▶ _Your instructions_
The data below should be printed in full, exactly, and without any of its images.

▶ _Supplied material_
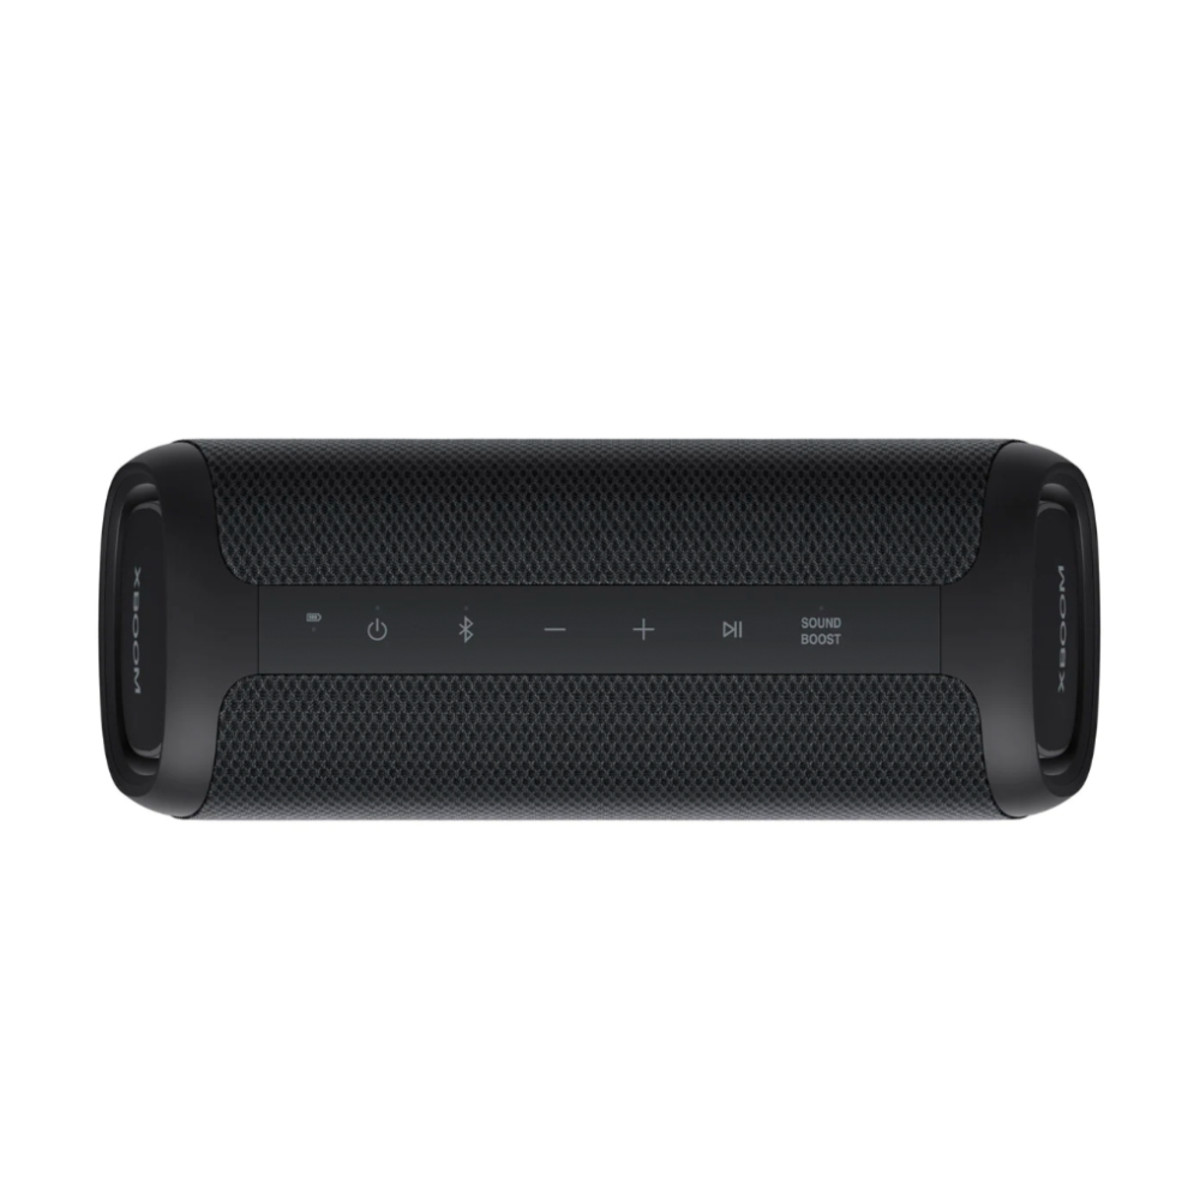 XBOOMGo XG7 Portable Bluetooth Speaker
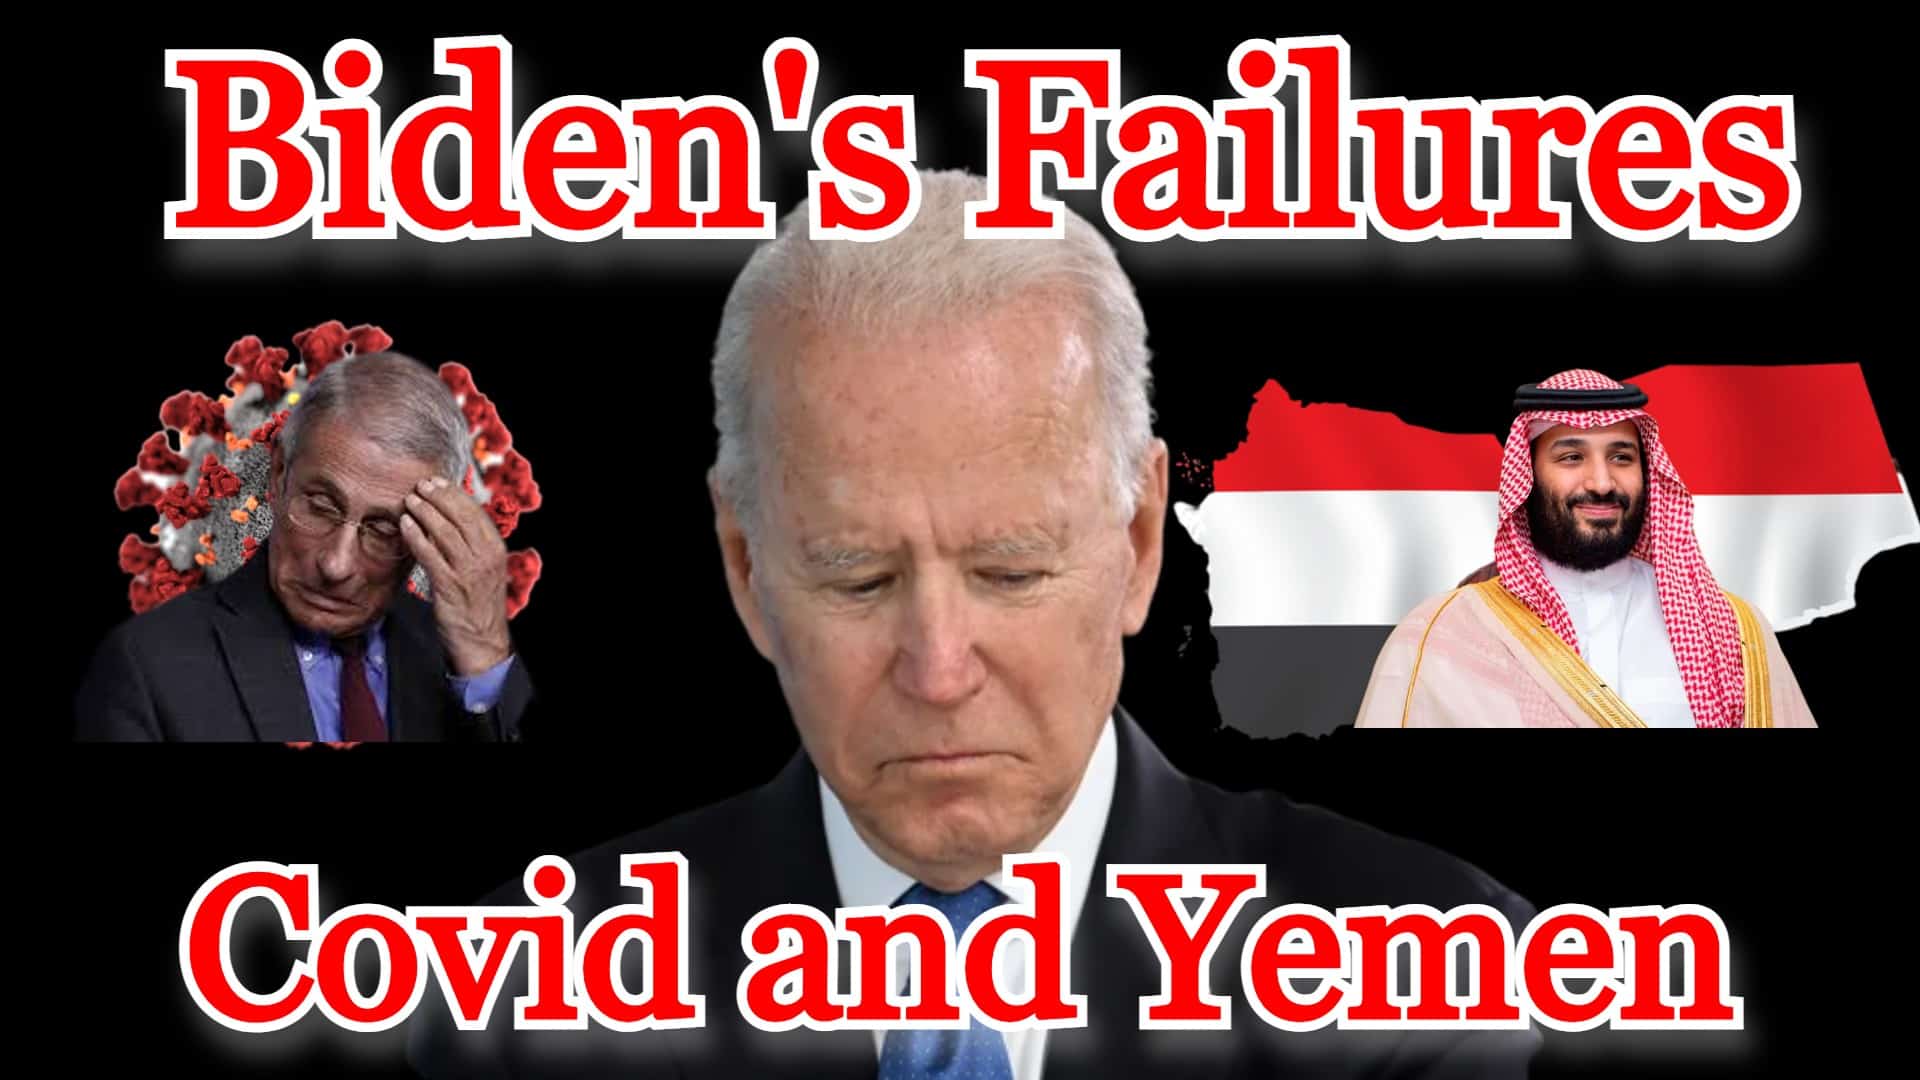 COI #205: Biden’s Failures on Covid and Yemen
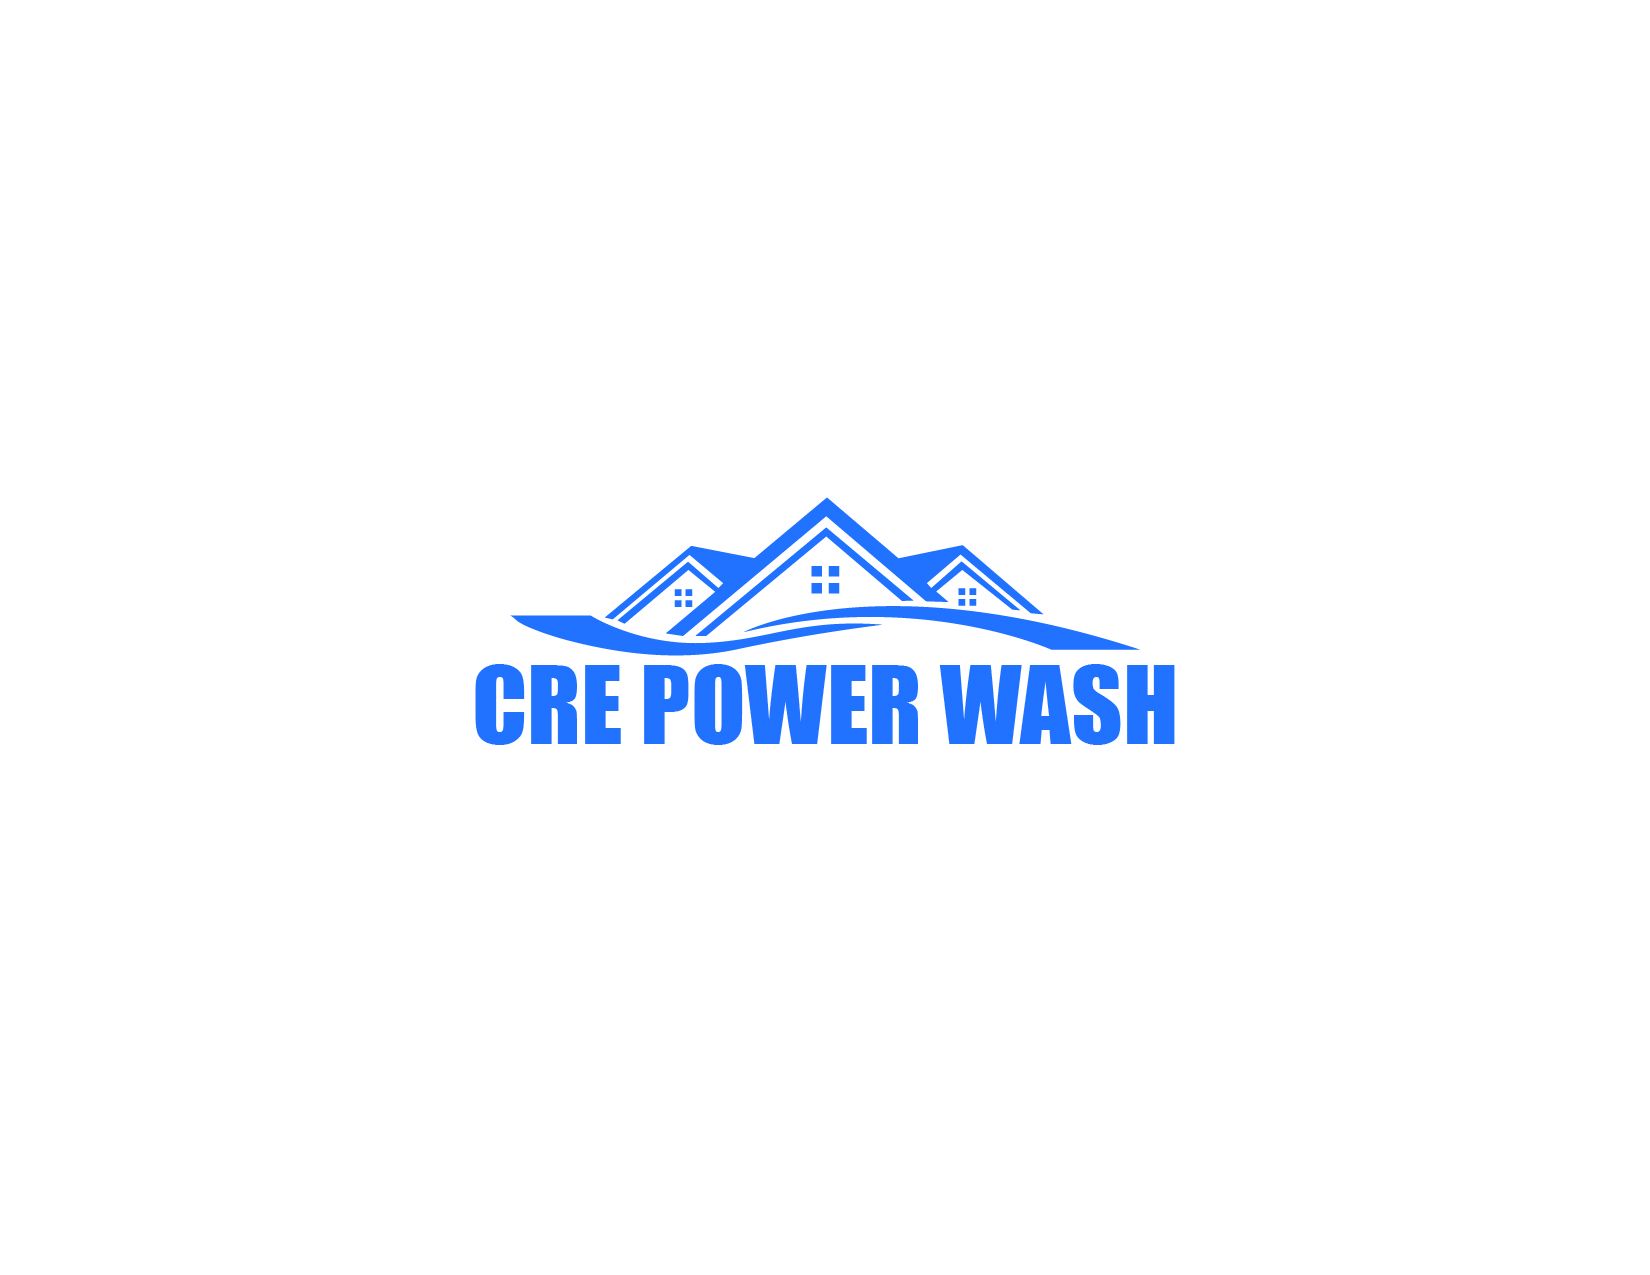 crePowerWash Logo
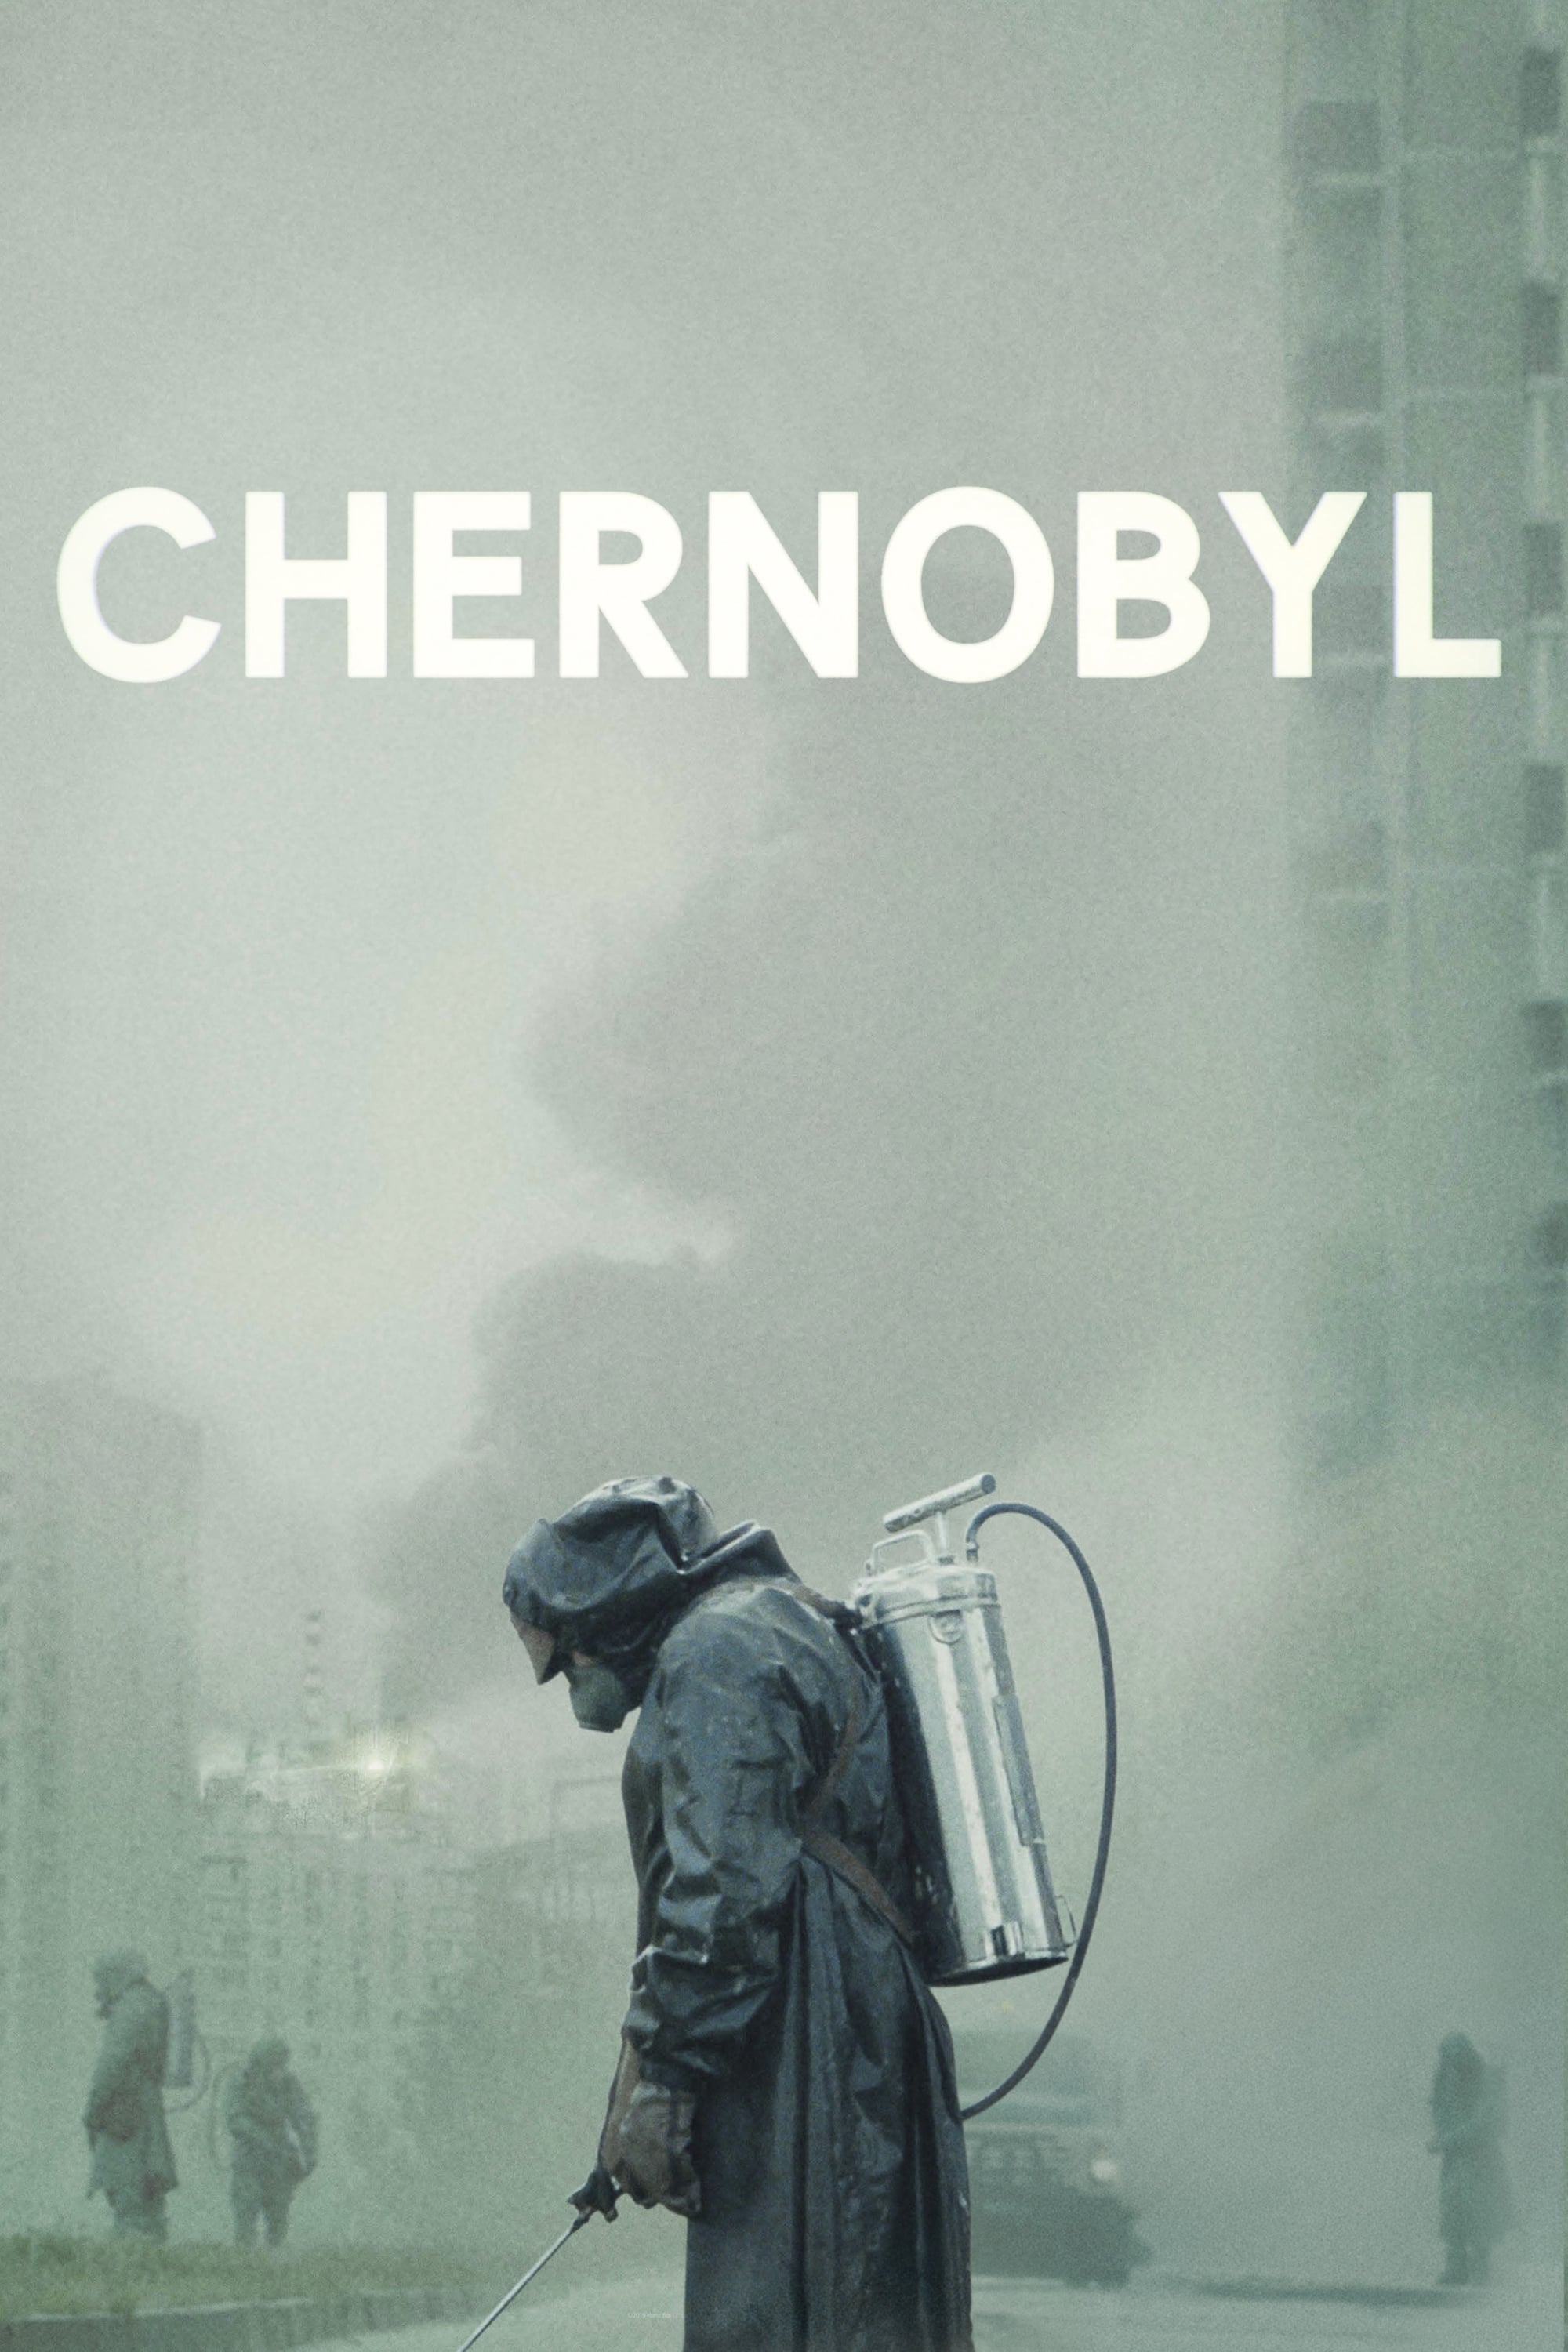 Chernobyl rating

▶ _Result of this task_
 XBOOMGo XG7 Portable Bluetooth Speaker
 COI #205: Biden’s Failures on Covid and Yemen
 crePowerWash Logo
 Chernobyl rating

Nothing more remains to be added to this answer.